I do have a bit of background in this area, and a lot of foolish and reckless things have occurred in this place. I was the then minister for sustainability, environment and conservation, and with John Hill we announced back in October 2012 that the government had decided to ban the commercial use of solaria from December 2014. There was argument about why we did not do it immediately, but of course we were giving businesses an opportunity to transition to a world without solaria here in South Australia. Again, it was not anything that had come out of the blue. What we had seen was an enormous amount of evidence provided by scientists, particularly showing that there is, quite simply, no safe way of using solaria.

The member for Heysen also pointed out that there was a form of regulation. It was essentially a self-regulation; she mentioned age and she mentioned type 1 skin type. Quite simply, that self-regulation was not working; it was obvious. It was obvious that there were operators who were abiding by that self-regulation, but there were enough that were not. That was evidenced in various media reports—on those TV shows that I do not normally watch—which chased people into solaria and identified people who were not suitable to do it, who were certainly not suitable under a self-regulation process, and who should have been identified as such. There is no safe way to use them. There is significant research. I am not going to detail that research, but research has been conducted here in South Australia, in Australia and across the world.
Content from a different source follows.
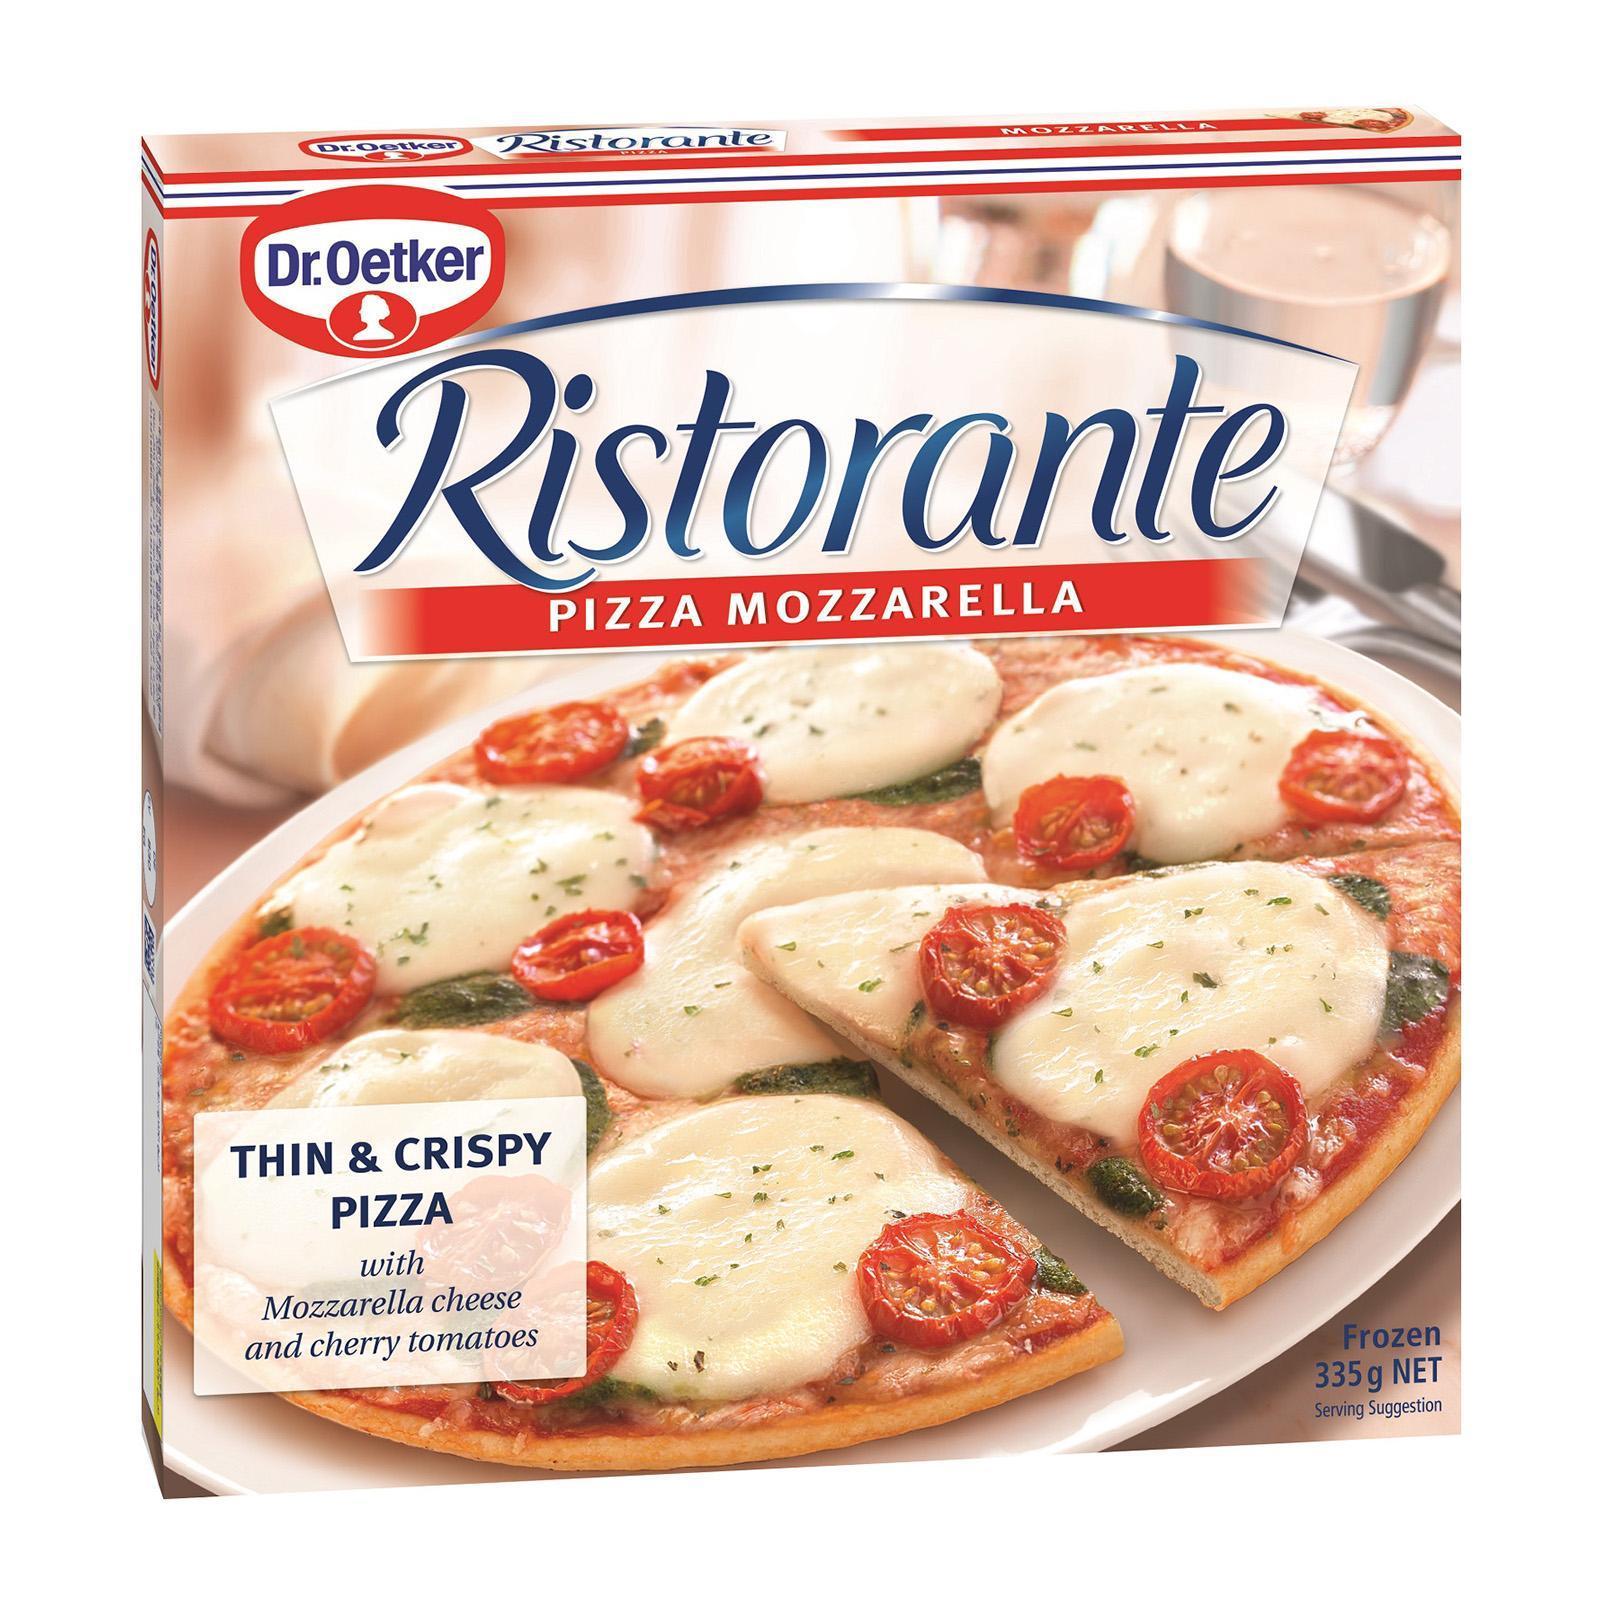 Dr Oetker Ristorante - Mozzarella - Frozen By Redmart.

The governments of New South Wales and Victoria have also announced that they will ban commercial use of solaria from December 2014, and I am glad that the member for Heysen has acknowledged that. There is obviously—and I use the word obviously, because that is what she used—a public health argument. It seems to me that there are occasions when the government of the day has to act, act accordingly and act decisively. That was the reason that this was announced at that particular time, with, as I have said, a period of time leading up to it to ensure that those businesses would be able to transition to business without the use of solaria.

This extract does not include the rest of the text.